USET Tribal Climate Resilience Camp
The United South and Eastern Tribes (USET) held its first in-person Tribal Climate Resilience Camp from July 10-15 in the homelands of the Wabanaki Nations-The People of the Dawn, at the Schoodic Institute in Winter Harbor, ME. The following overview was written by Casey Thornbrugh (Southeast and Northeast Tribal Climate Science Liaison).
The USET Office of Environmental Resource Management (USET-OERM) held its first in-person Tribal Climate Resilience Camp, July 10-15th in the homelands of the Wabanaki Nations-The People of the Dawn, at the Schoodic Institute in Winter Harbor, ME. Tribal Nation teams of Resource Managers, Tribal Leaders, Tribal professionals, and Traditional Ecological Knowledge practitioners convened to discuss climate change concerns and impacts within their Nations and to learn from Tribal scholars and those who work in the field of Climate Change Resilience. Tribal Nation teams traveled from afar including the Everglades, the Great Smoky Mountains, the Catawba River, Aquinnah (on Martha’s Vineyard), and the Northern Forests to attend the Camp.

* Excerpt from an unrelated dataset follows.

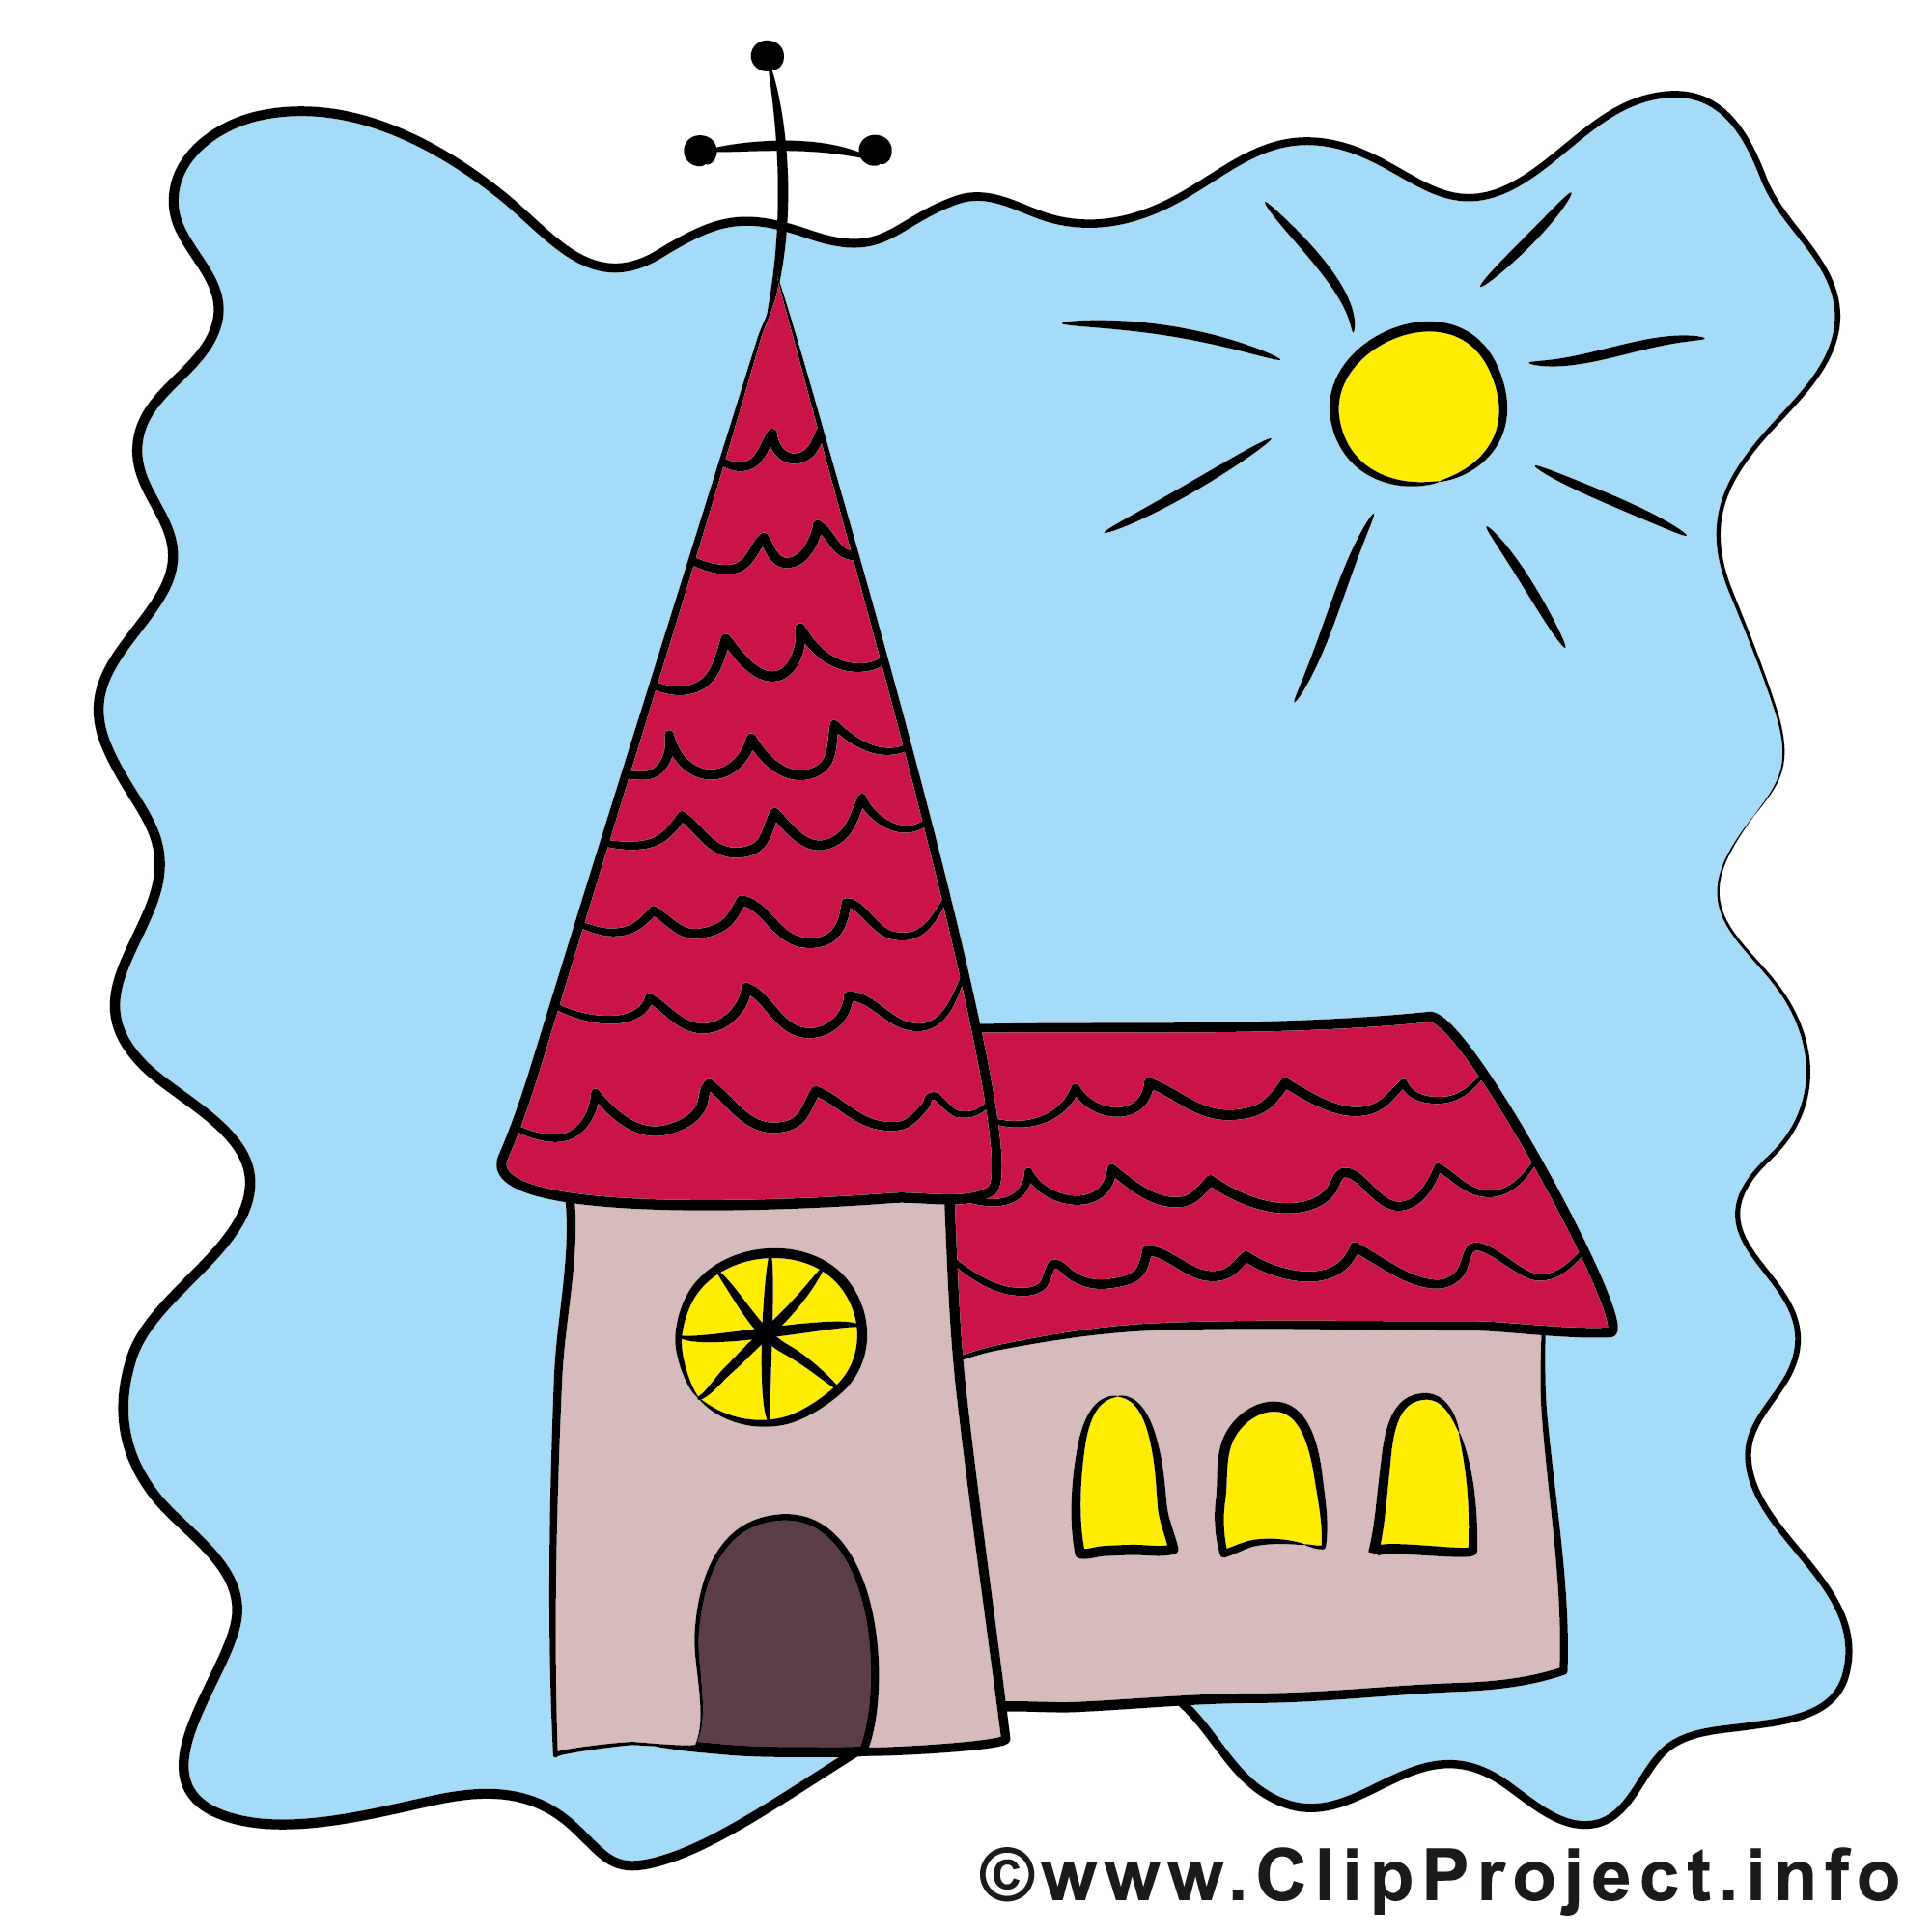 Einladung clipart schwarz wei png transparent stock Kirche clipart schwarz weiß - ClipartFest png transparent stock

Participants took field trips with staff from the Penobscot Nation to sites where dam removals on the Penobscot River have helped to build the resilience of migratory fish from the impacts of climate change. Tribal scientists from the Penobscot Nation and the Houlton Band of Maliseet Indians also led field trips to locations of cultural and ecological importance to regional Tribal Nations for the purpose of learning how to protect these places. At the conclusion of the Camp, Tribal Nation teams took what was learned and presented their own ideas and strategies on addressing climate change to take home to their Tribal Nations and communities. A celebration was held at Schoodic treating Tribal attendees, Camp speakers, and staff to a Maine Lobster dinner to commemorate all that was learned and achieved at the Camp!